Я обернулся. Водитель, приоткрыв дверцу своего “Москвича”, протягивал мне авоську, в которой лежали моя сайка и пачка чая, купленные утром в булочной. Я машинально взял авоську, сказал “спасибо” и, плохо соображая, побрёл через лужи к метро.
Добравшись, наконец, до дома, я вскипятил чай, а когда стал нарезать сайку, то почувствовал, что нож звякнул обо что-то твёрдое, Весьма удивлённый, я решил, что получил очередной привет с хлебозавода. По телевизору часто показывали, как многие граждане находили в хлебе и булке шайбы, гайки, болты. А один даже обнаружил в батоне новенький немецкий штык. Сейчас, значит, пришёл и мой черёд.
Переломив сайку пополам, я к великому своему удивлению обнаружил там вот эту юбилейную медаль и записку, написанную до боли знакомым почерком: “Спасибо, товарищ Василий!”. Записка была без даты… Какие могут быть даты для того, у кого впереди вечность?
А медаль — вот она: золотая, номерная. И номер на ней не просто стоит. Но об этом я тебе как-нибудь после расскажу.
— Н-да, — промычал я, — рехнуться можно от твоих сказок, Лукич. Мистика какая-то!
— Мистика, говоришь? — хохотнул Лукич. — Это ещё не мистика! Я тебе похлеще кой-чего расскажу, — вот это будет мистика! Да и в этом рассказе мистика ещё не вся. Когда я домой вернулся, то тоже крыша у меня поплыла. Что же со мной произошло? Где же я в действительности провёл день ленинского юбилея? Потом вспомнил: там же и Иван Фомич присутствовал. Надо с ним поговорить.
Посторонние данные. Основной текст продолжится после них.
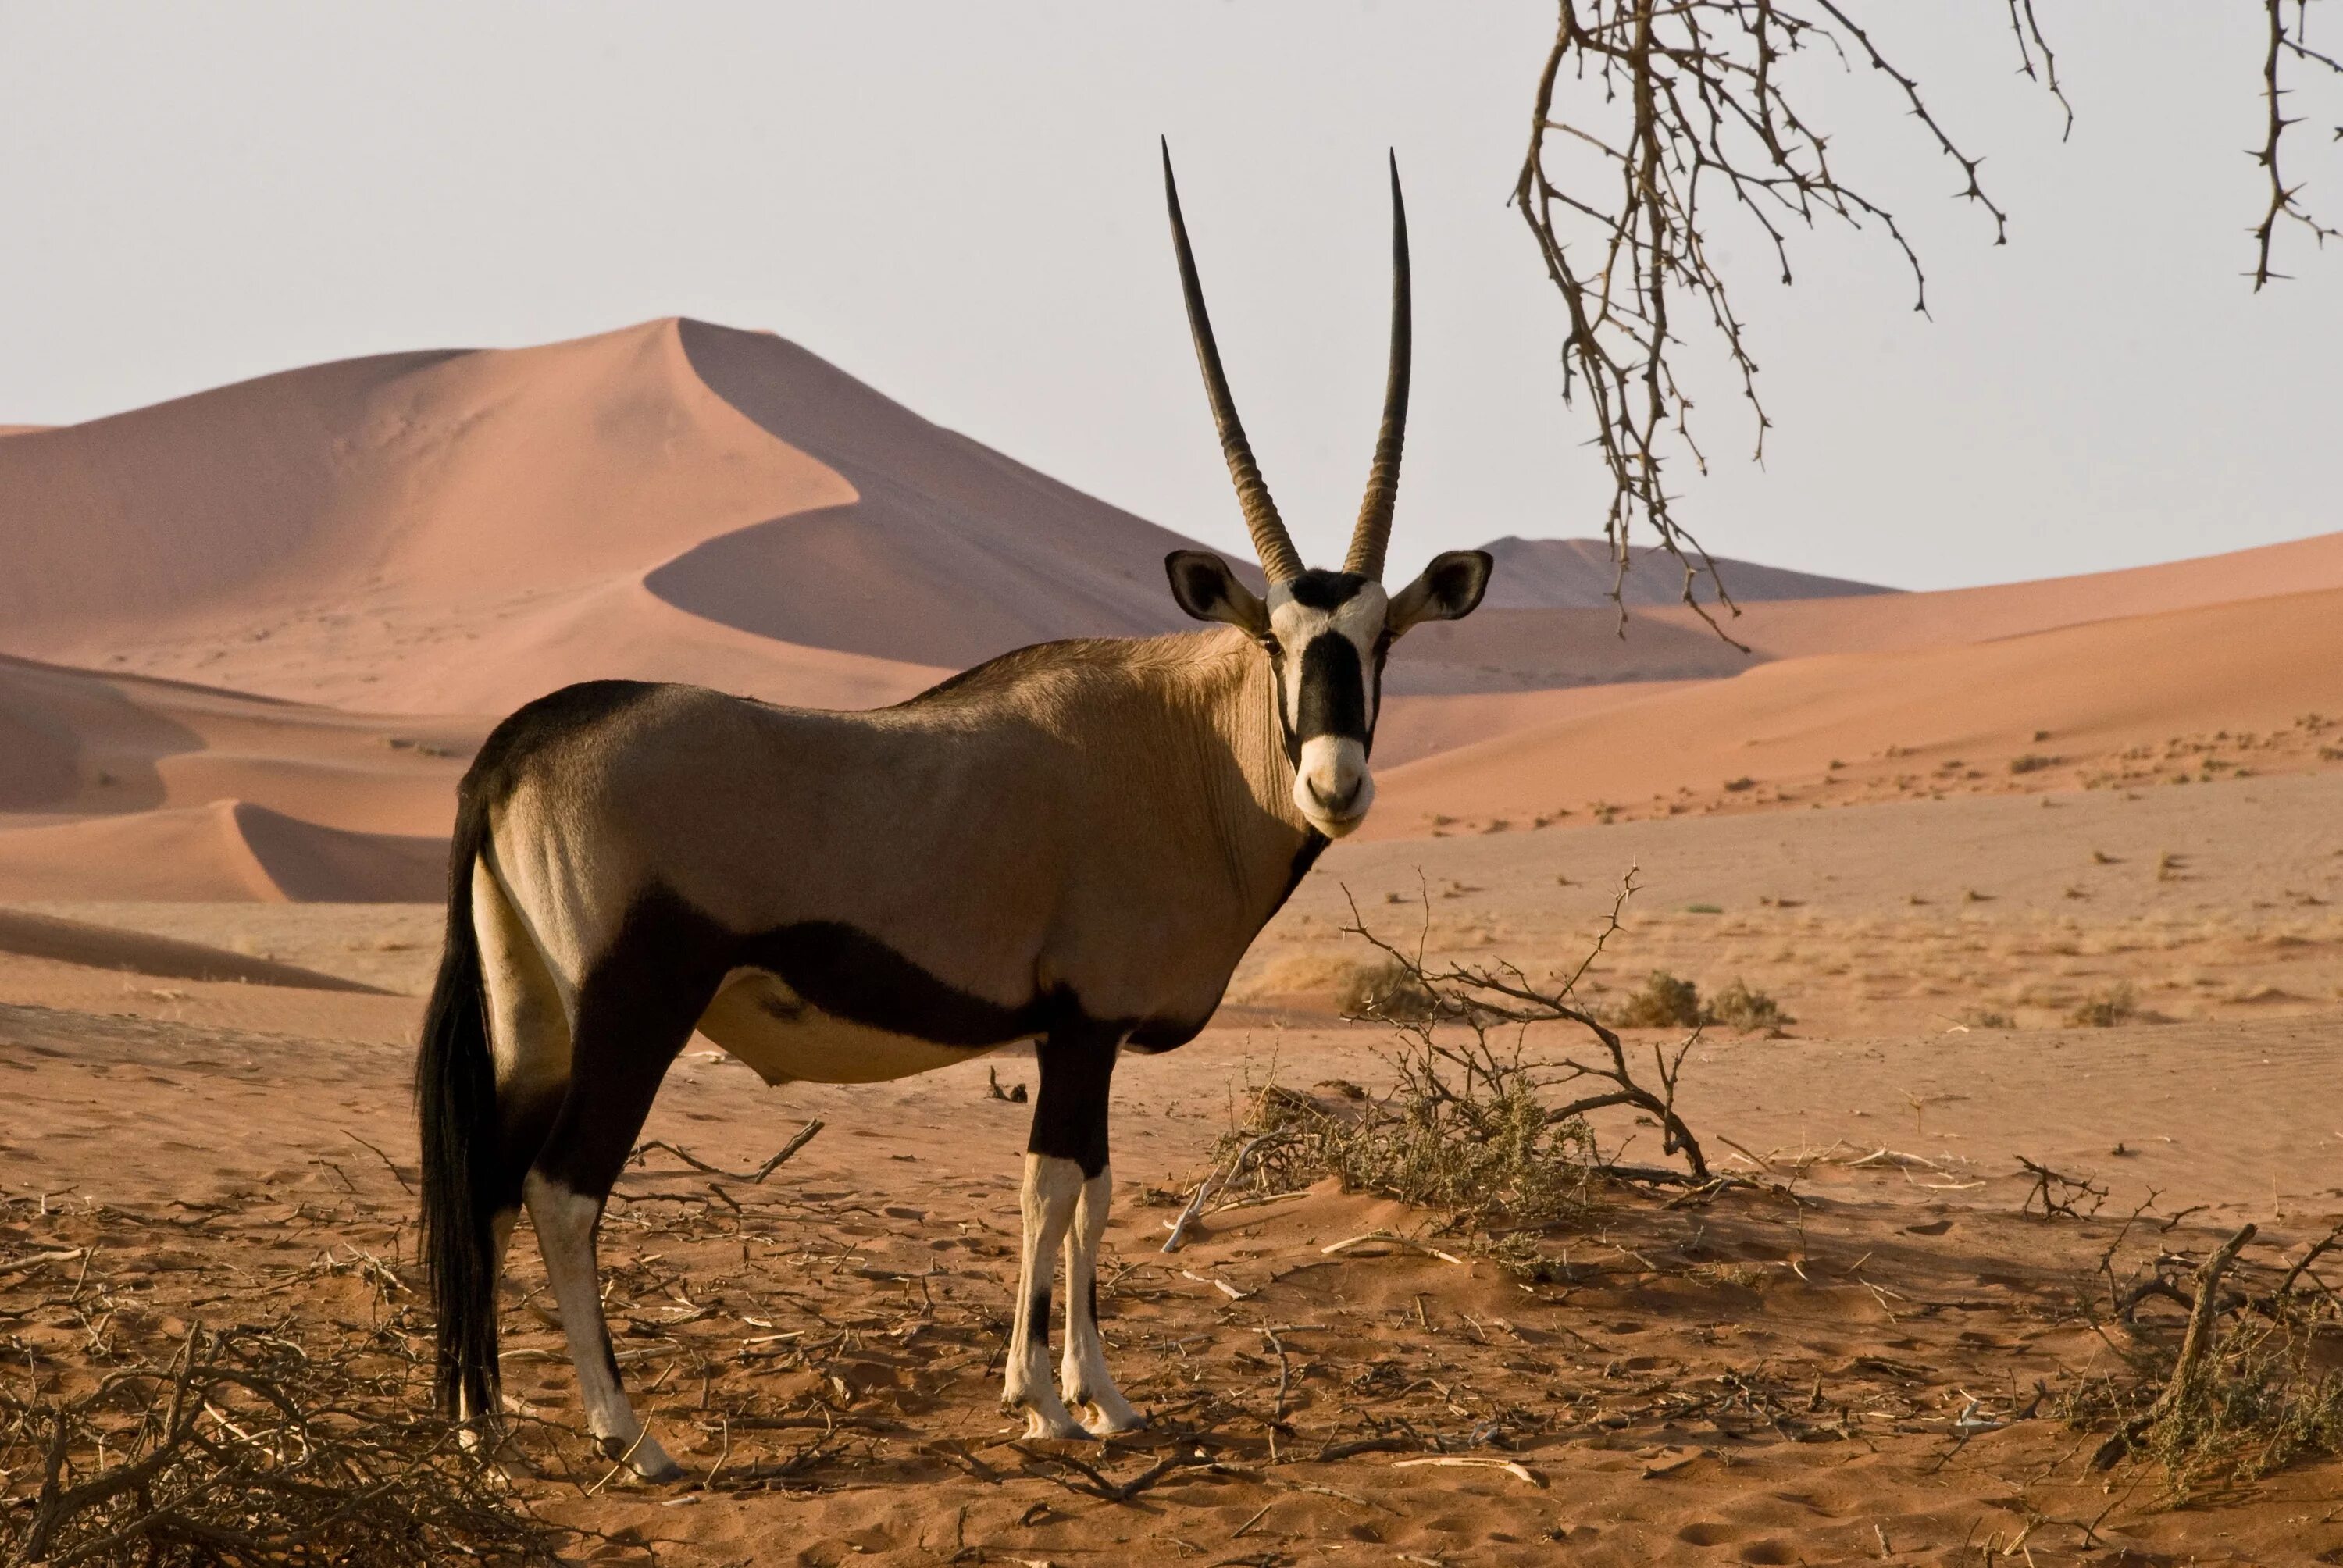 Антилопы пустыни Намиб. Животный мир пустыни Намиб. Пустыни и полупустыни Африки животные. Африка пустыня Намиб фауна.
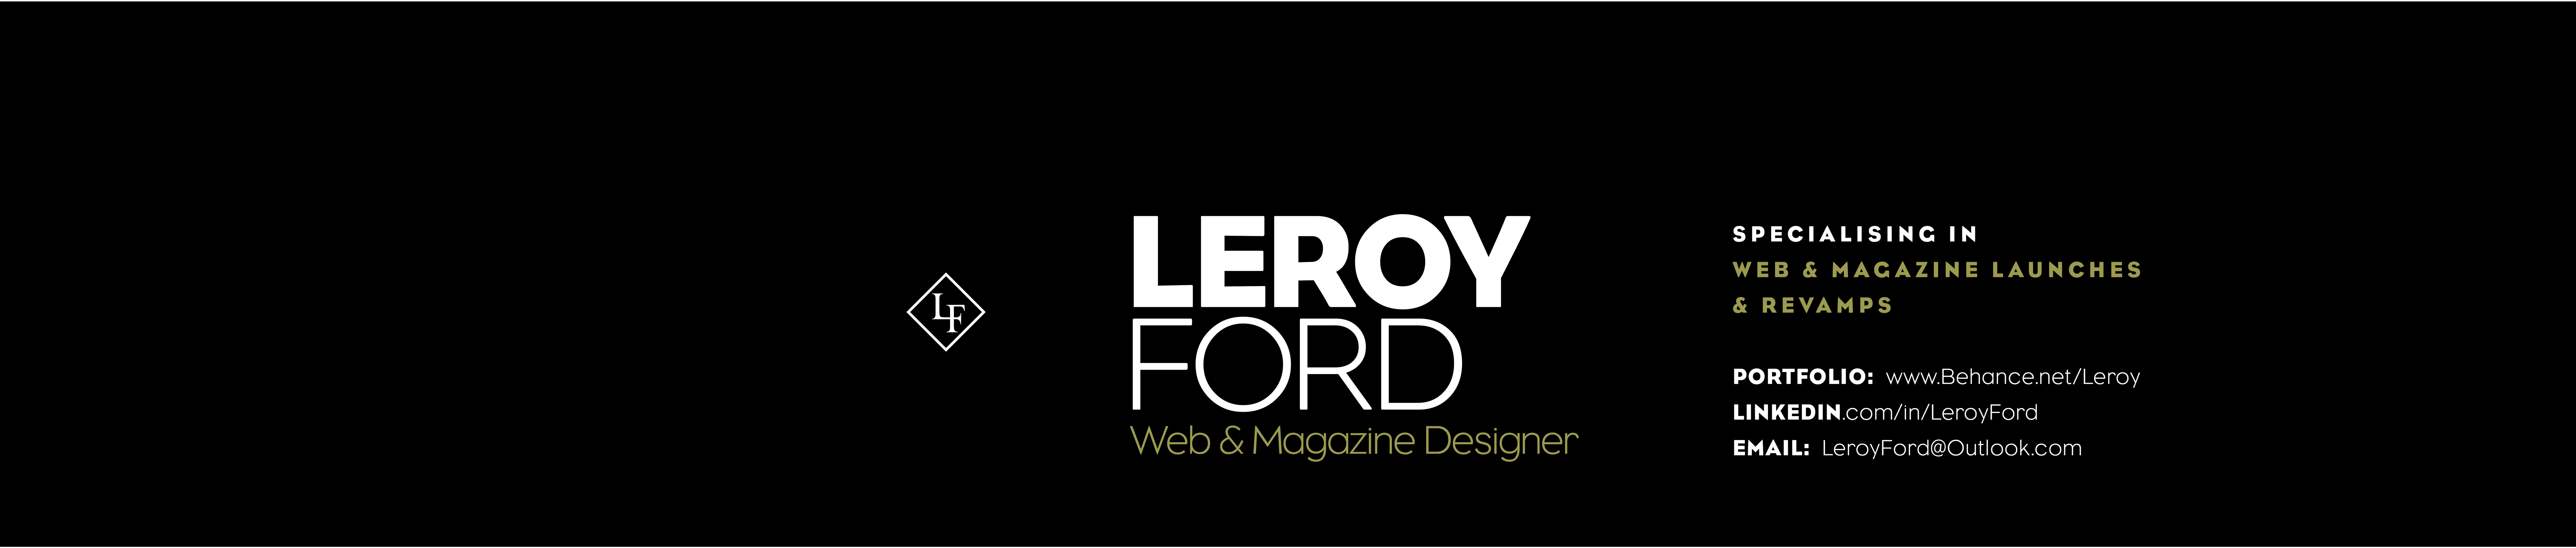 Баннер профиля LEROY FORD

Выхожу следующим утром в садик, что у нас во дворе. Пенсионеры сидят за столиком на скамеечке и юбилейными медалями друг перед другом хвастают. В жилконторе получили. Я подхожу и спрашиваю. “А что это Ивана Фомича-то не видно?".
Беда, отвечают, с Иваном Фомичем на почве злоупотребления алкоголем. Вчерась перебрал, напялил на себя генеральскую форму — а ведь всего-навсего майор — и пошёл куда-то отмечать ленинский юбилей по чужому пригласительному. А там, видно, ещё добавил и умом тронулся. Стал всем врать, что лично Ленина видел в день юбилея. Его и отправили в дурдом. А в какой — неизвестно. Жена плакала, говорила, что уж, наверное, и не выйдет Фомич из дурдома”.
“Да. — думаю. — всё сходится… Значит, и мне не померещилось. Погорел Фомич из-за своего тщеславия.” А ты говоришь — мистика. Какая это мистика, если я Ивана Фомича своими глазами в генеральской форме видел в первом ряду?
— Лукич, — спрашиваю я, — ты хоть понимаешь, что означает слово “мистика”?
— Ты меня всё каким-то малограмотным дураком выставить хочешь, — без особого раздражения отвечает он, — а я с твоё-то понимаю. Мистика — это когда произошло какое-то событие, а объяснить его, как ни крути, никто не может. А какая же тут мистика, если всё логично и ясно?
— Что ясно? — почти закричал я. — Мне, например, ничего не ясно. Скорее, наоборот. Я от твоих рассказов скоро сам в психушку попаду.
— Ну, что же тут непонятного, — снисходительно ухмыльнулся Лукич, — давай вспомним: в семьдесят девятом мы в Афганистан влезли? Влезли. В восемьдесят первом Цвигуна шлёпнули? Шлёпнули. В восемьдесят втором Андропов стал генсеком? Стал. В восемьдесят третьем его хлопнули? Хлопнули. В девяносто первом Договор от 30 декабря 1922-го года аннулировали? Аннулировали. Прямо, как на плакате: “Всё завещанное Лениным выполним!”. Какая же это мистика?
— А этот? Как его? Клиент! Откуда он-то взялся? — почти простонал я.
Василий Лукич любовно погладил золотую юбилейную медаль у себя на лацкане.
— Ты разницу между временем и вечностью понимаешь? — спросил он, — Эйнштейна читал?
Я, конечно, Эйнштейна не читал, но спросил Лукича, снова начав заикаться:
— В-Василий Лукич, ты что — Эйнштейна читал?
— Мы его в академии проходили, — ответил ветеран, — пытались состыковать его теорию относительности с лозунгом “Ленин жил, Ленин жив, Ленин вечно будет жить!”
— И что у вас получилось?
— Я тебе отвечу словами Эйнштейна, — засмеялся Лукич. — Если бы у меня было время тебе это объяснить, то потребовалась бы вечность, прежде чем ты это понял!